• **What you need to do**
Look below for the line containing "Dokumente der Sozialistischen" and the line containing "Ritratto dell'artista Jacques"; repeat exactly those two lines and all lines between them, and nothing else.

• **Given information**
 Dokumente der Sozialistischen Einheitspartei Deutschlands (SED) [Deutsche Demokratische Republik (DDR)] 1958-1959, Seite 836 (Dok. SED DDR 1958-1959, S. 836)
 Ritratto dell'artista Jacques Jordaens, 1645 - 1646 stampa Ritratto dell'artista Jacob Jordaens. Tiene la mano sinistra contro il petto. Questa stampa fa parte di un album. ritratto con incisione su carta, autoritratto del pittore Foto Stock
* * *
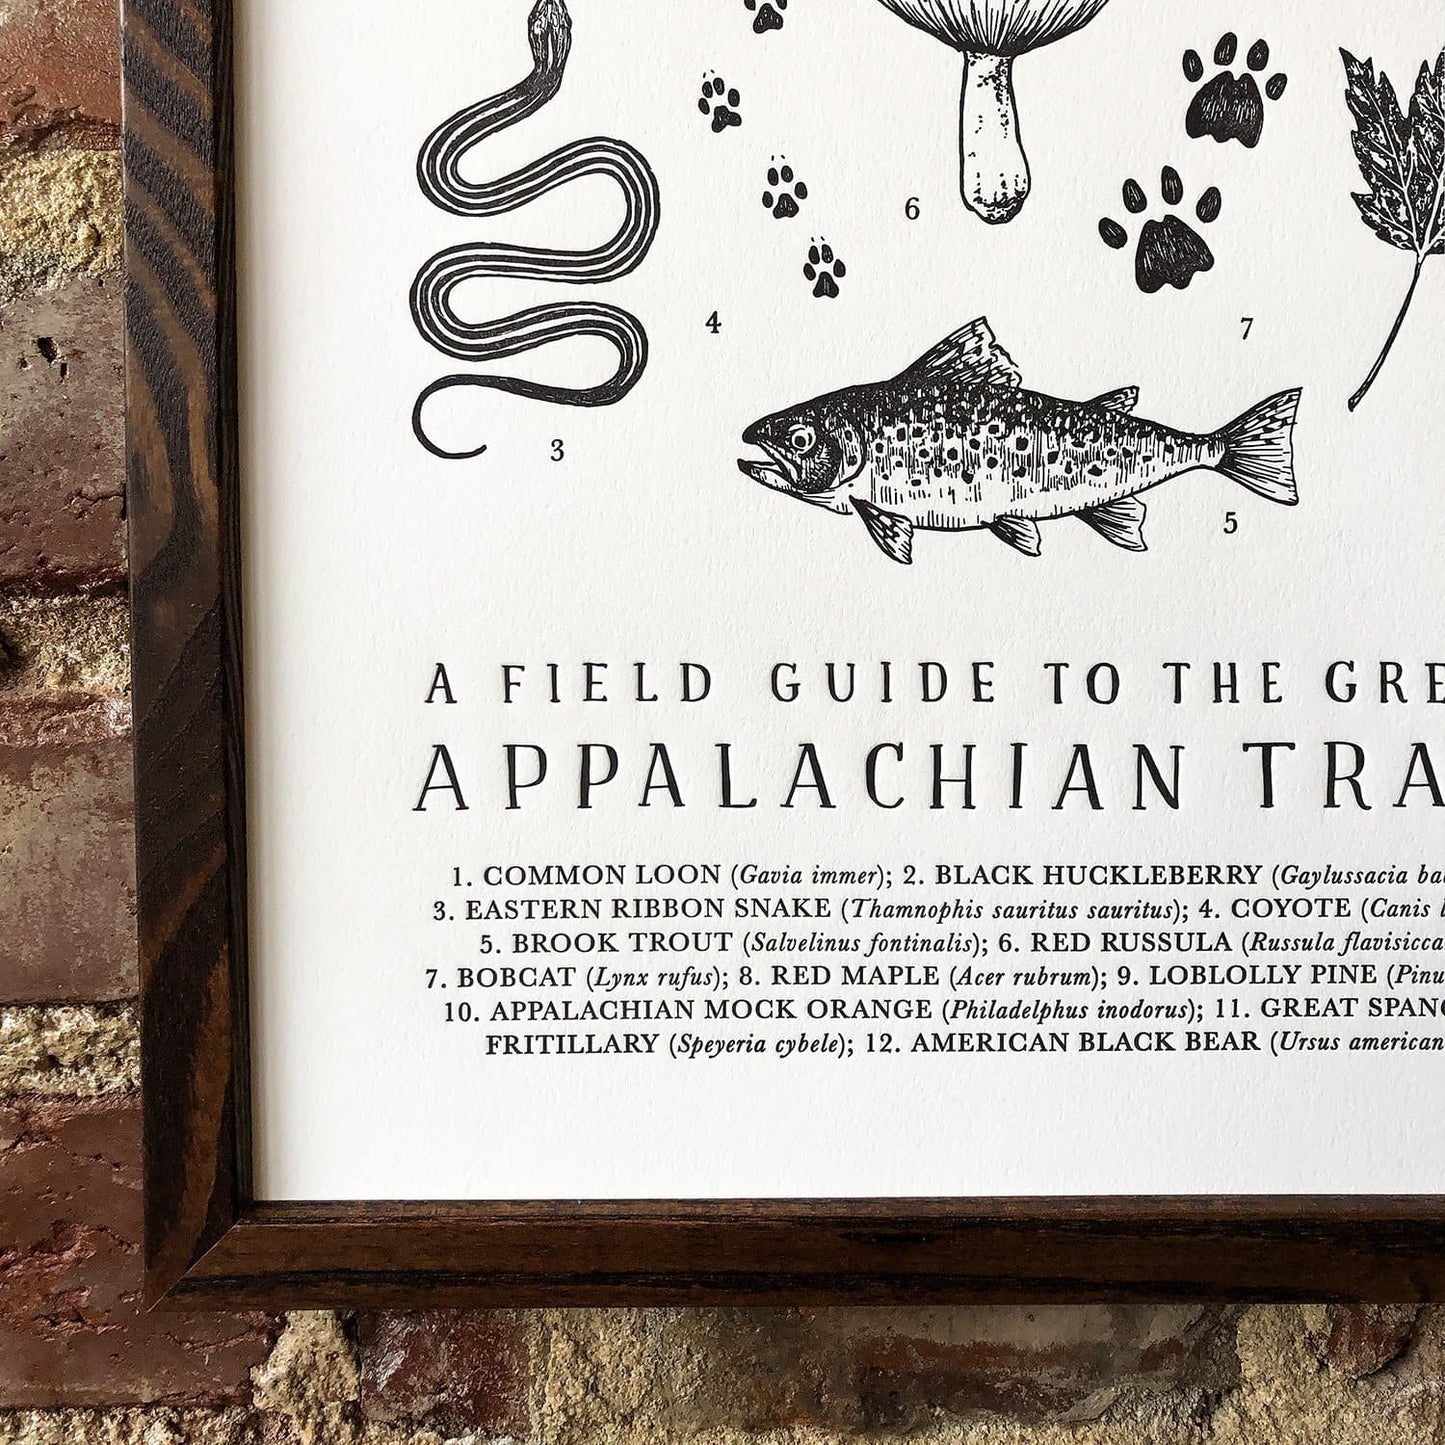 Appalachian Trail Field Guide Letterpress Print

• **Problem solution**
 Dokumente der Sozialistischen Einheitspartei Deutschlands (SED) [Deutsche Demokratische Republik (DDR)] 1958-1959, Seite 836 (Dok. SED DDR 1958-1959, S. 836)
 Ritratto dell'artista Jacques Jordaens, 1645 - 1646 stampa Ritratto dell'artista Jacob Jordaens. Tiene la mano sinistra contro il petto. Questa stampa fa parte di un album. ritratto con incisione su carta, autoritratto del pittore Foto Stock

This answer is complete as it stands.